周五看了眼时间,许不测咽下口汤:“你吃饭还计时?”
“...不是,就看看。”
“噢,那就是又打算吃一半丢下我一人在这?”
周五好像踹他拍他上瘾,一个眼神丢过去,许不测撂了筷子,伸出胳膊:“来打打打,别要动不动的,我心里慌,给我整出心理阴影来了。”
“至于吗?”
“至于!要不你试试?袭击来得太快,就像龙卷风。”
“噢,”周五拳抵嘴边,勾唇笑了笑,“那你这心理素质真该练练了。而且我什么时候丢下你了?跟个怨妇一样。”
“闭嘴,你没这么干不代表你没这么想。”
“噢。”
“...说人话,噢什么噢。”
“哎,快吃,许哥,测哥,等你吃完我们回去睡一觉,不,我睡一觉,你随意。”
“噢。”许不测反应过来周五还是个病人了,一下没了气势。
他周哥以其人之道还治其人之身:“噢也算人话啊?”
许不测吃饭向来慢,好像没什么事值得他费劲、用劲,这么猛一顿操作吃完后有点噎着了,回宿舍后一口气喝下大半杯水才顺过气。
寝室闹腾得跟打仗似的。孙毅、李洋拿键盘当仇人敲,输出造势全靠吼,许不测感觉喝水那杯子都震得嗡嗡的,周五居然能一脸安详地躺尸,这耐力真够可以的。

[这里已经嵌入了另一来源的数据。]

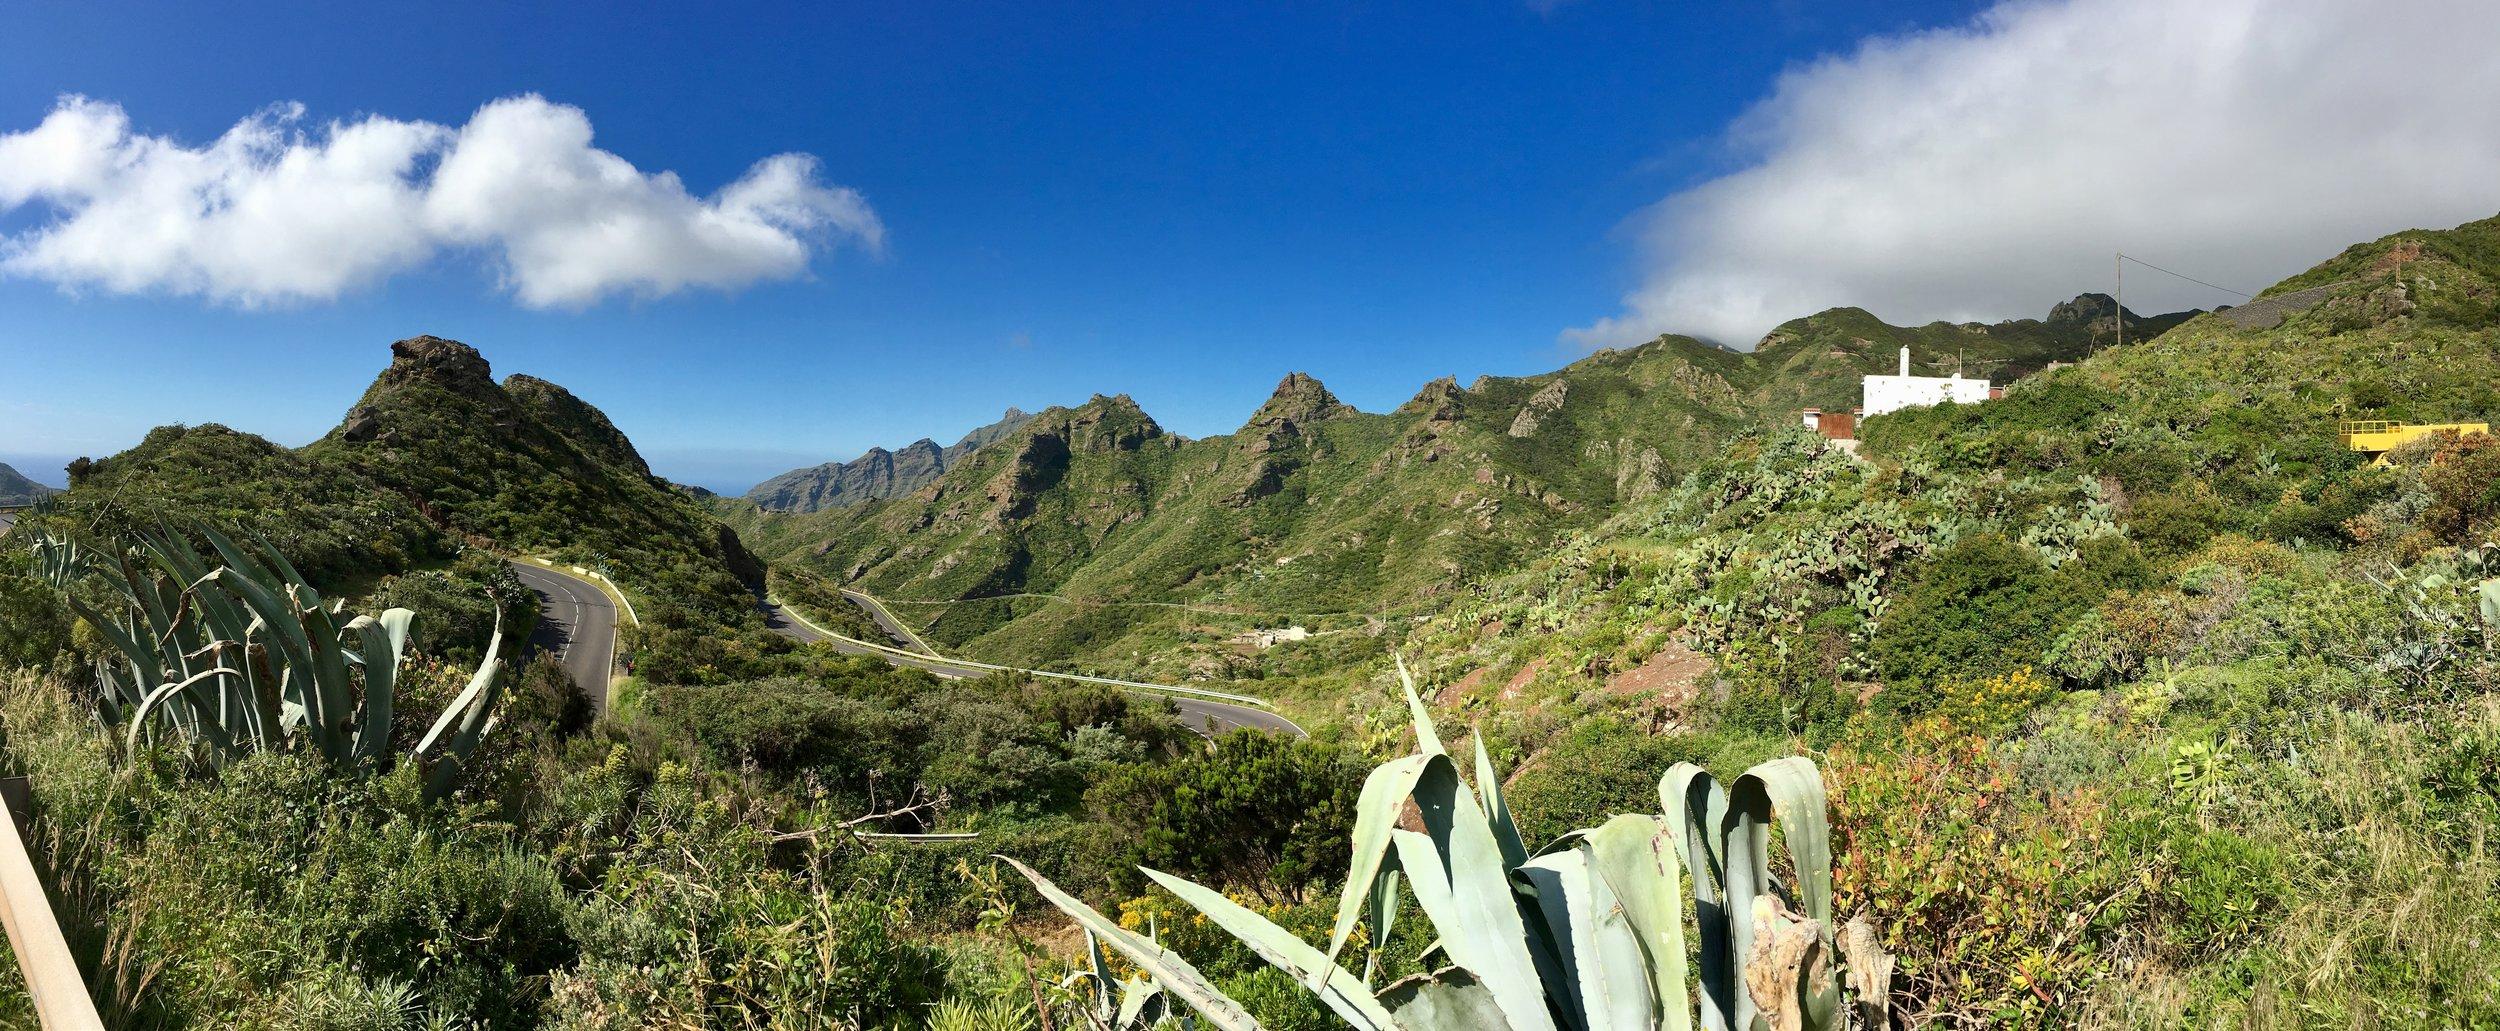 Anaga National Park

哎,还是你测哥体贴,许不测心道。他摇摇头,给李洋、孙毅找出耳机摆桌上,他俩一脸懵逼地望着他:“咋?你要学习?”
许不测指指床上:“他快没了。”
“......”周五迷迷糊糊听着,无奈皱了皱眉。
“咋了?”李洋瞪大了眼,一脸朴实,嘴咧得老大。
“小病,有感冒冲剂没?”
“我这有我这有。”孙毅起身,桌架上有个小医药箱,他翻出几袋999,有点皱巴了,“我妈给备的,今天终于派上用场了。”
许不测看了看生产日期:“过期了...”
“......”李洋给了孙毅一个暴栗,“你丫谋财害命啊?”
“我——”
“没事儿,一时半会儿死不了,我上药店买去。”
周五没睡太久,一小时后醒来,正听见许不测压着声站阳台跟人打电话。
“迎新晚会?是吗,这么气派...老区那么远,不想去,还得坐车,你去呗...”
电话那边的分贝大了些,周五都明显听出了变化,许不测笑着把耳机摘下:“狗啊,你给人撑场子带上我干嘛,我充气娃娃啊我充场子...漂亮姐姐?那我不来不正好便宜你吗...”
那俩已经奔着漂亮姐姐妹妹去了,寝室闭了灯,蒙蒙亮。周五的声音突然从身后砸过来,许不测冷不丁被吓一跳,在椅子上蹿了蹿,一脚蹬铁护栏上。
揉着脚问:“你刚说什么?”
“你没听清都能吓成这样?”周五清了清嗓子,声音还是闷在棉花糖里似的。
“就您这把嗓子去给外国友人录听力,会被网络暴力到明年吧。”
电话那边不依不挠地:“测测,你跟谁说话呢?”
周五拿过他手机帮他回了句:“就来。”
“我真不想去,愣多人,什么表演网上不能看啊。”
周五注意到他在画东西。纤长的手指指节分明,并不突兀,一看就是从小养尊处优的。木头铅笔在他指间转着圈,晃晃荡荡迟迟未掉落。
就在周五看向那张画纸的同时,许不测面朝他,状似不经意地将画纸翻了个面,把铅笔搁上边压着。
周五把“你还会画画?”这个问题塞回肚子里,只是说:“看看去。”
“不去。”
“我想去,我自己去晕半路上了怎么办?”周五过去把饮水机电源打开了。他们宿舍孙毅任宿舍长,宿舍长精打细算着,没在用的电器一律不准通电耗着。这也就是为什么周五洗澡洗一半没热水了的原因。
“娇气,”许不测进屋,把画纸草草塞抽屉里,翻出感冒冲剂,“一袋加小半杯水就行。”
“我知道,”许不测总是迫使他把道谢放到后边,“谢了。”
其实迎新晚会真没太大看头。人太多,他俩找不着苟佑他们,站在后边的台阶上勉强算个场内人士,连舞台上表演者是男是女都分不清,也就听个响感受下氛围。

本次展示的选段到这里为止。